TRY IT:
Write out the entire listing below exactly as it appears, minus any pictures.
*** STORED DATA
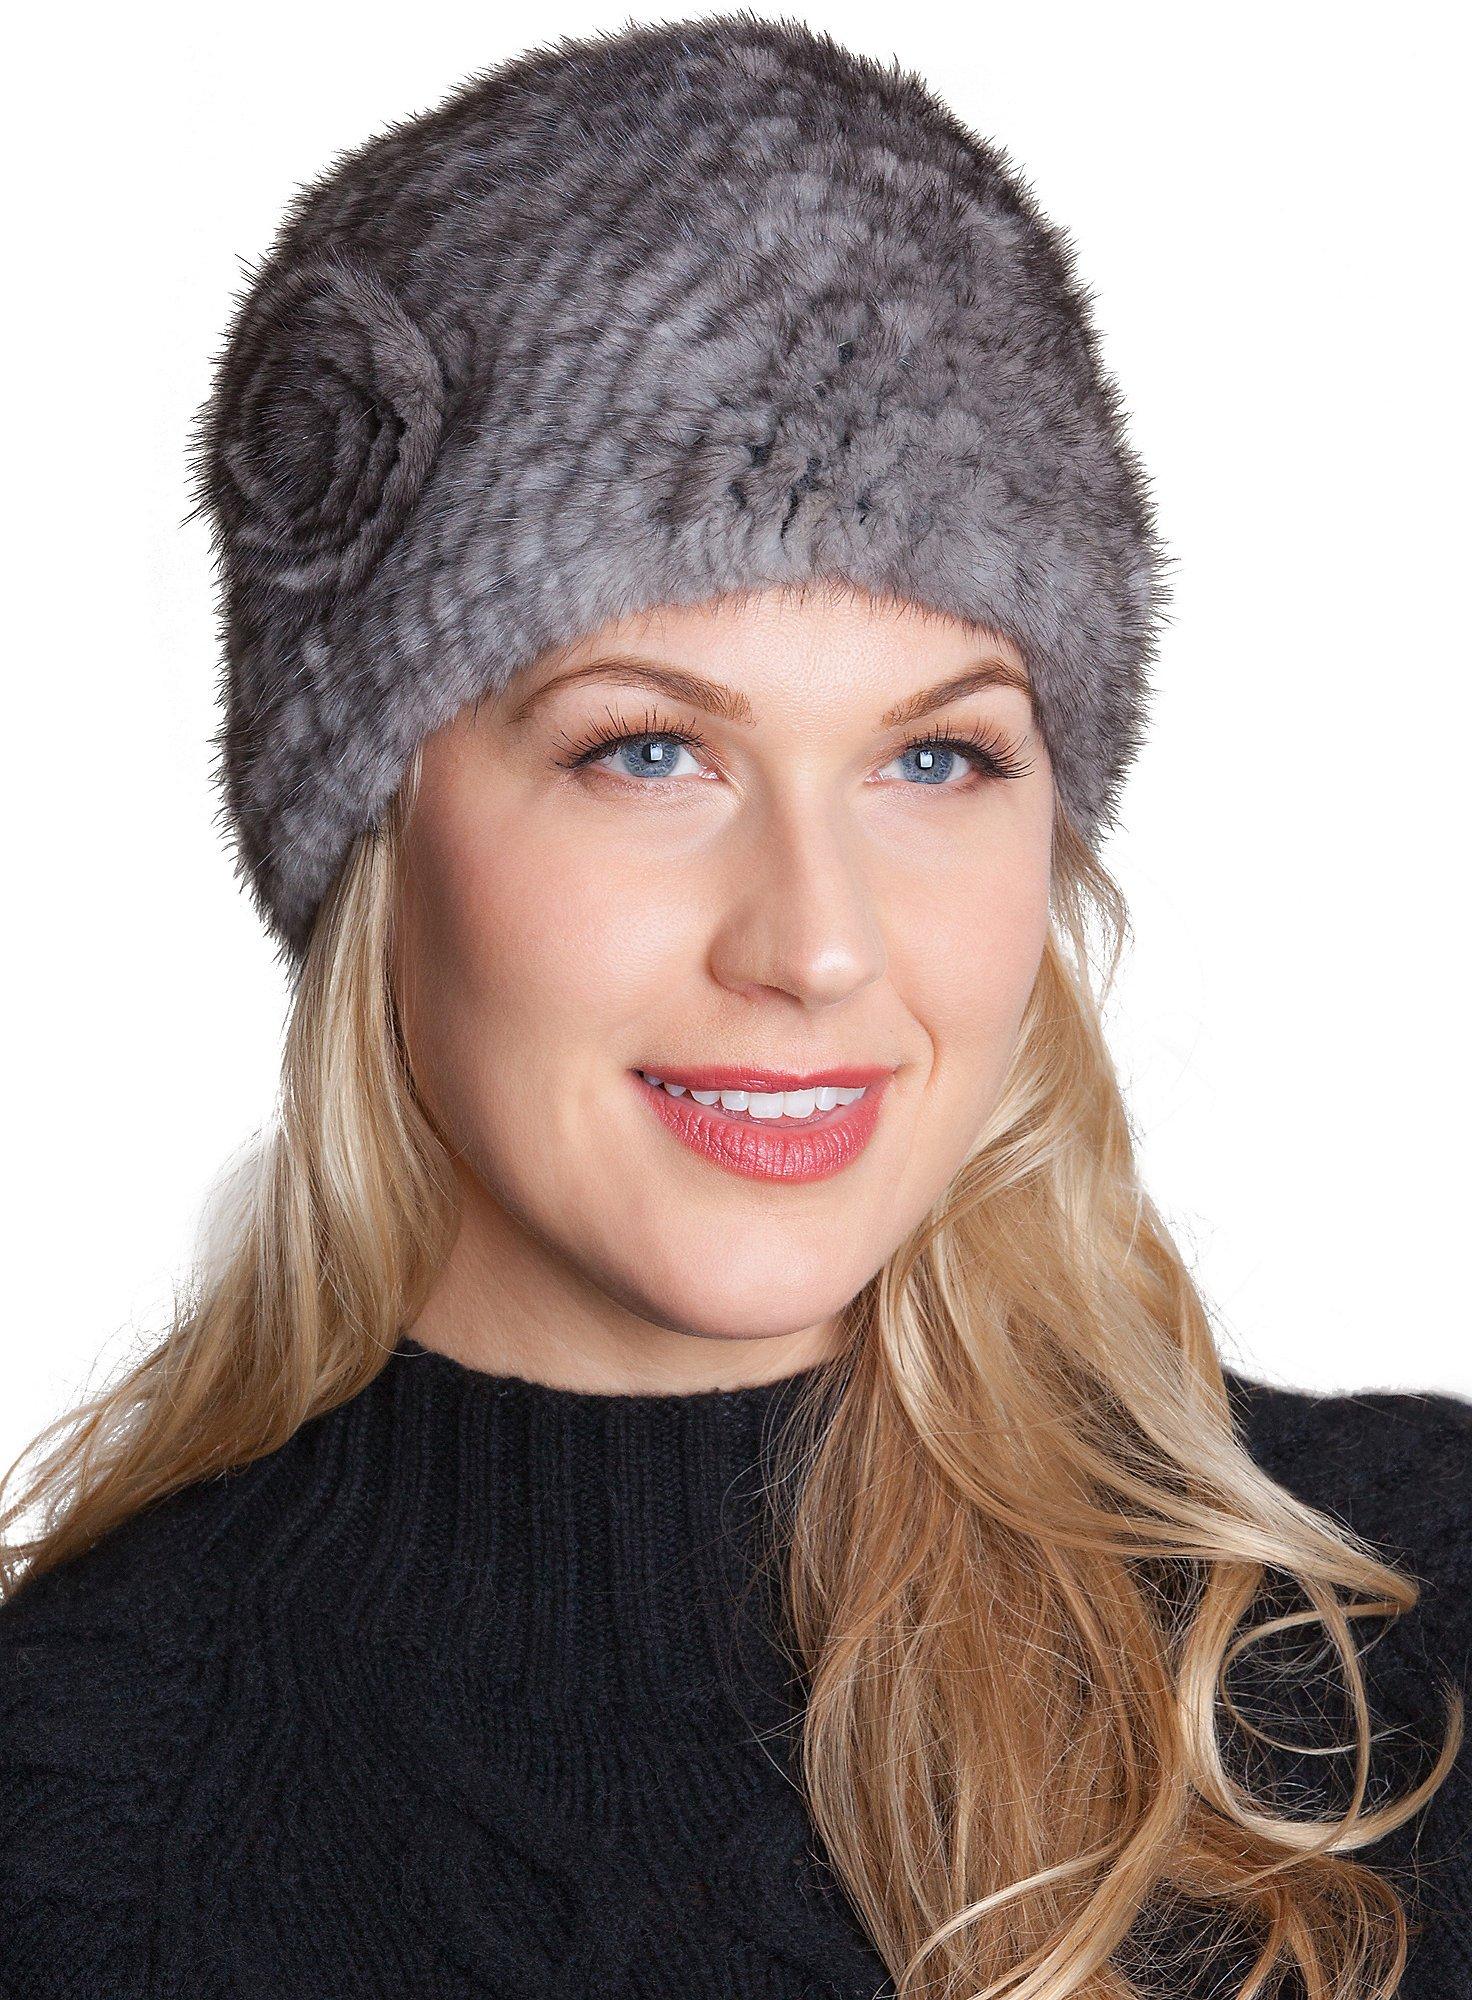 Overland Sheepskin Co. Knitted Mink Fur Beanie Hat With Fur Flower, Blue Iris, Size 1 Size
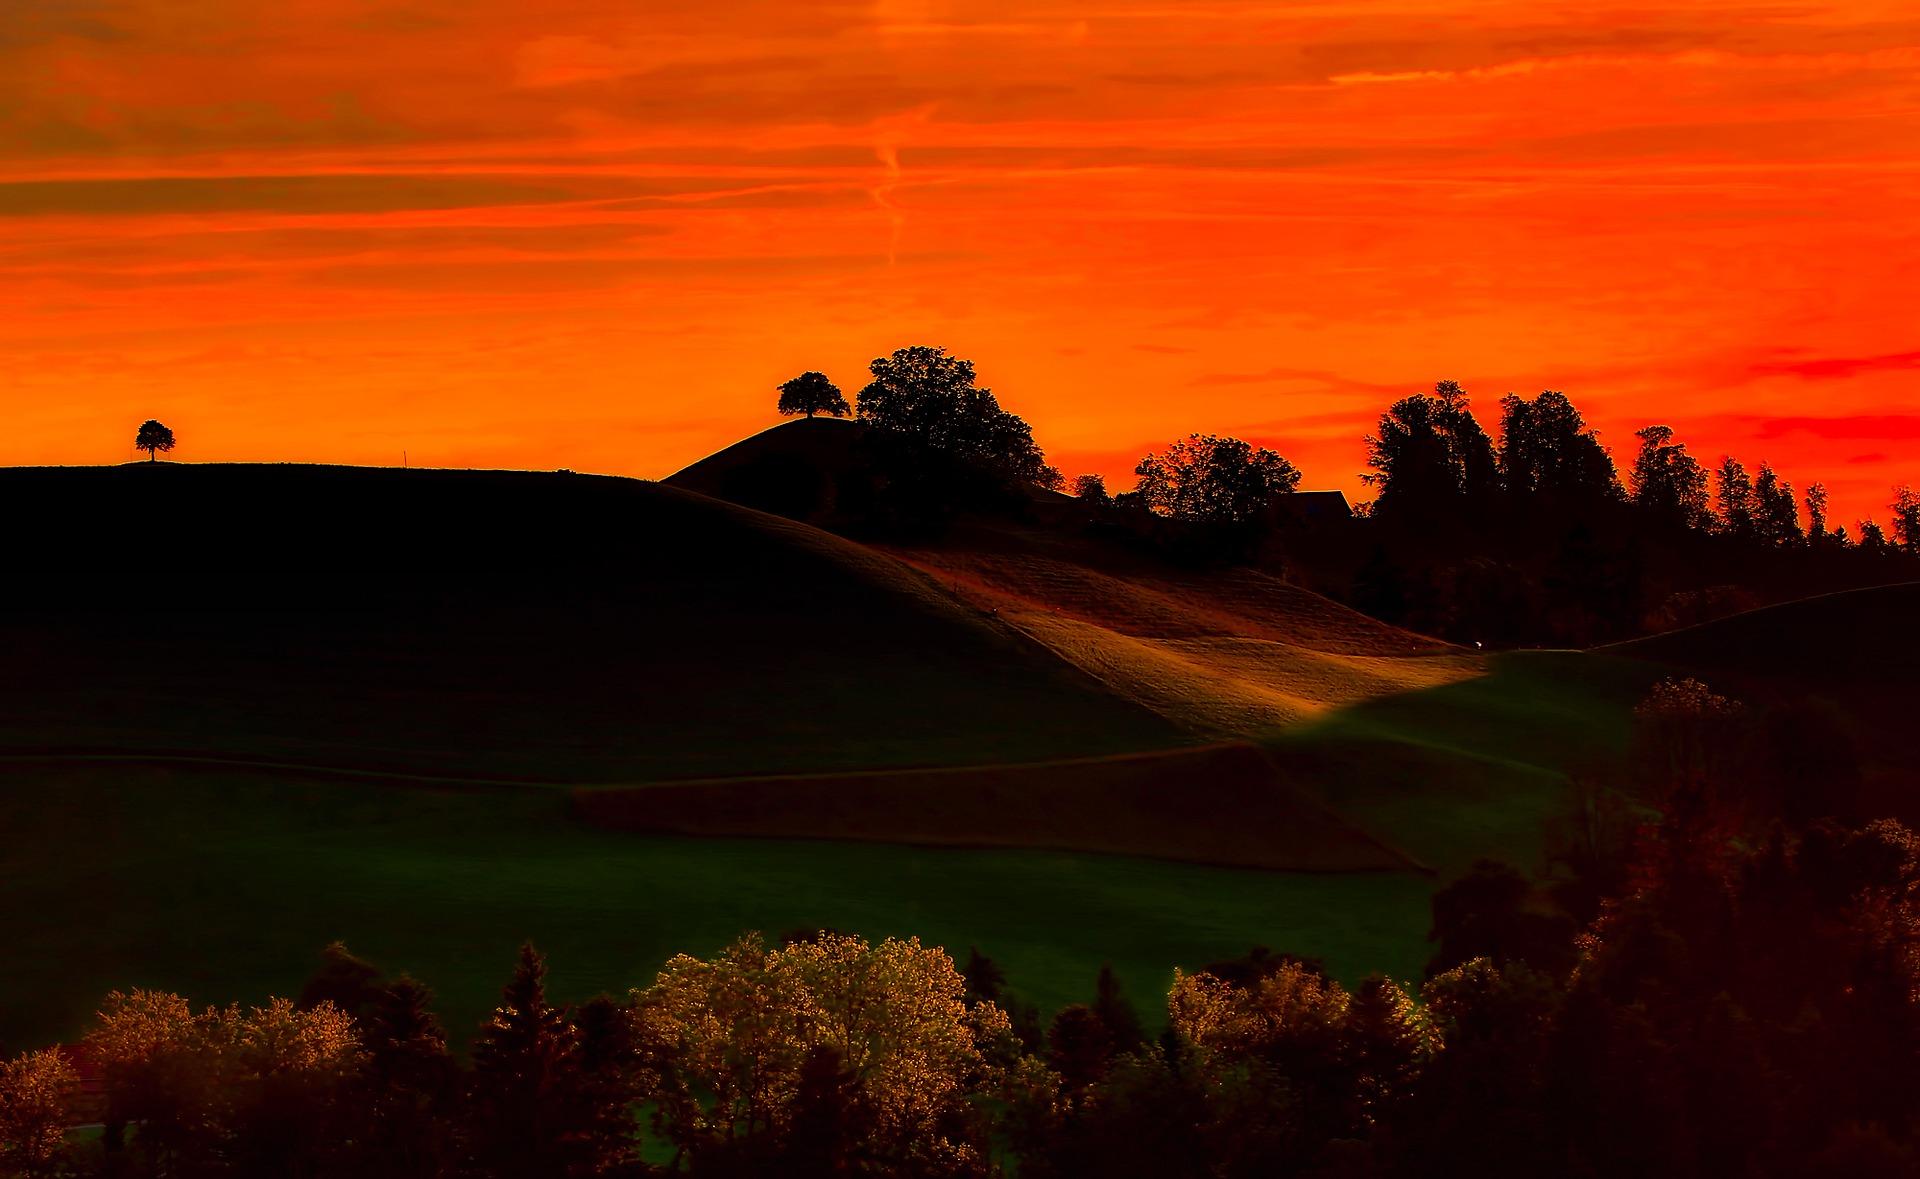 Sunset in Switzerland
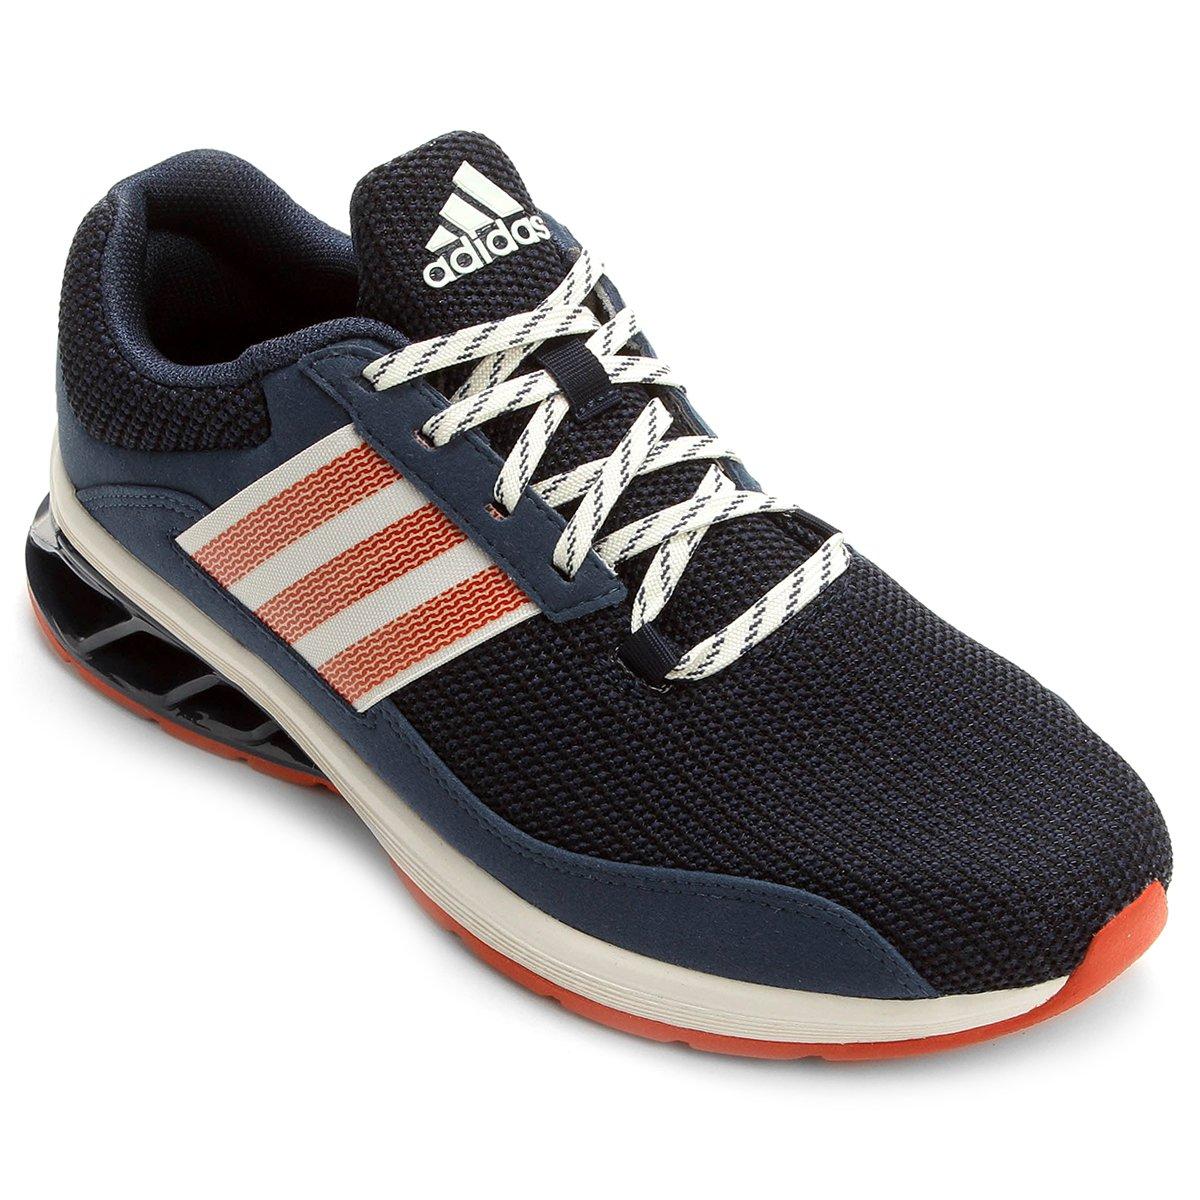 8d911832d06 Tênis Adidas Runway Masculino - Compre Agora
******
TASK SOLUTION:
 Overland Sheepskin Co. Knitted Mink Fur Beanie Hat With Fur Flower, Blue Iris, Size 1 Size
 Sunset in Switzerland
 8d911832d06 Tênis Adidas Runway Masculino - Compre Agora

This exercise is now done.